While the technology behind LED TVs isn’t entirely new, we’re still fascinated with the difference it has made in the viewer’s entertainment experience. Similar to an LCD TV, developers decided to add light-emitting diodes instead of standard cold-cathode fluorescent lights (or CCFLs) to illuminate the screen, giving them a few advantages.
In all actuality, an LED TV is really just a different type (but very-much upgraded version) of an LCD TV. So what are LED TVs, and why are they so much better than the original LCD?
Before we get into it, it should be known that this option has been almost completely discontinued besides the few cheaper LCD TVs due to CCFLs making the product cheaper to manufacture. Cold Cathode Fluorescent Lamps (CCFLs) use a single, straight glass tube. Sort of like a fluorescent lamp. The tube contains a low-pressure mercury vapor that produces an ultraviolet light.
Due to us humans not being able to actually see ultraviolet light, a coat of phosphorus is added inside the tube in order to converts it to a visible bright, white light we can actually see. Unfortunately, this older version causes the picture quality to suffer a bit, thus the new technology created.
Full-array backlighting is pretty much how it sounds: an array of LEDs spread out across the back of an LCD screen. Due to the span of lights, LEDs can be lit or dimmed in specific zones to better adjust to the viewer’s picture, especially when it comes to contrast and black levels.
These LEDs illuminate the LCD pixels which are located along just the edges of the television. In order to illuminate the screen, these LEDs face inward toward the center allowing the models to be very thin, light, and more cost effective. This can effect some of the picture quality, especially black levels, but is really only noticeable when there’s a dark scene.
Local dimming is extremely important when it comes to picture quality. It’s what allows the screen to adjust to deep blacks, helping the contrast. It achieves this by dimming the backlight (LEDs) behind parts of the screen that are displaying black. This makes blacks appear darker on those areas of the screen, which are perfect for darker scenes in movies and TV shows.

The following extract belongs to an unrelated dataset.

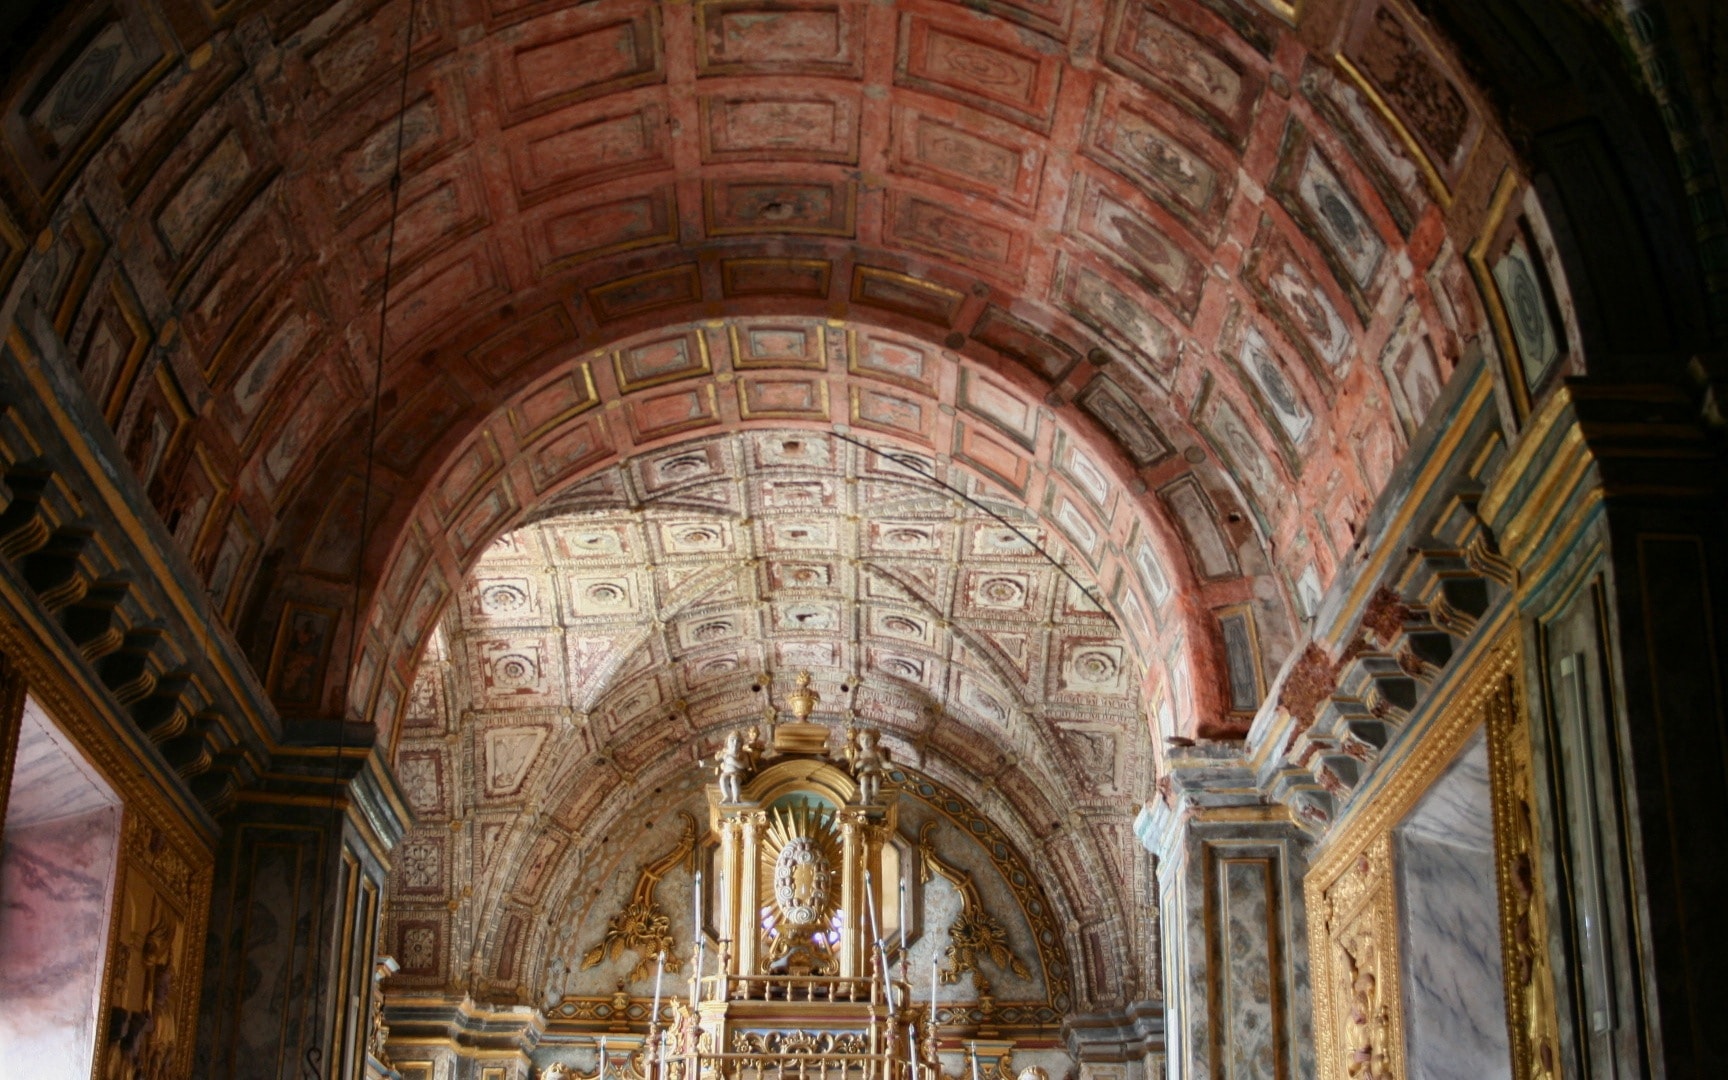 Baroque arch inside Sé cathedral

Local dimming significantly helps LCD-based TVs improve their contrast quality to match Plasma (RIP) and OLED TVs, a feature that wasn’t available with CCFL LCDs. The quality of the local dimming effect does highly depend on the type of backlighting your LCD uses though, so be sure to know what the illumination type is for your TV.
Longevity & Efficiency
Some of the top advantages of having an LED TVs are the light efficiency, and LED TVs are typically much easier to replace, making them last much longer than OLEDs and LCD-CCFLs.
Now, there’s even QLED TVs. This is in the top tier of LED TVs, featuring an updated illumination technology compared to its ancestor LED LCDs. The Quantum Dot material used increases its efficiency, giving these models a wider grayscale range, enhancing color and HDR.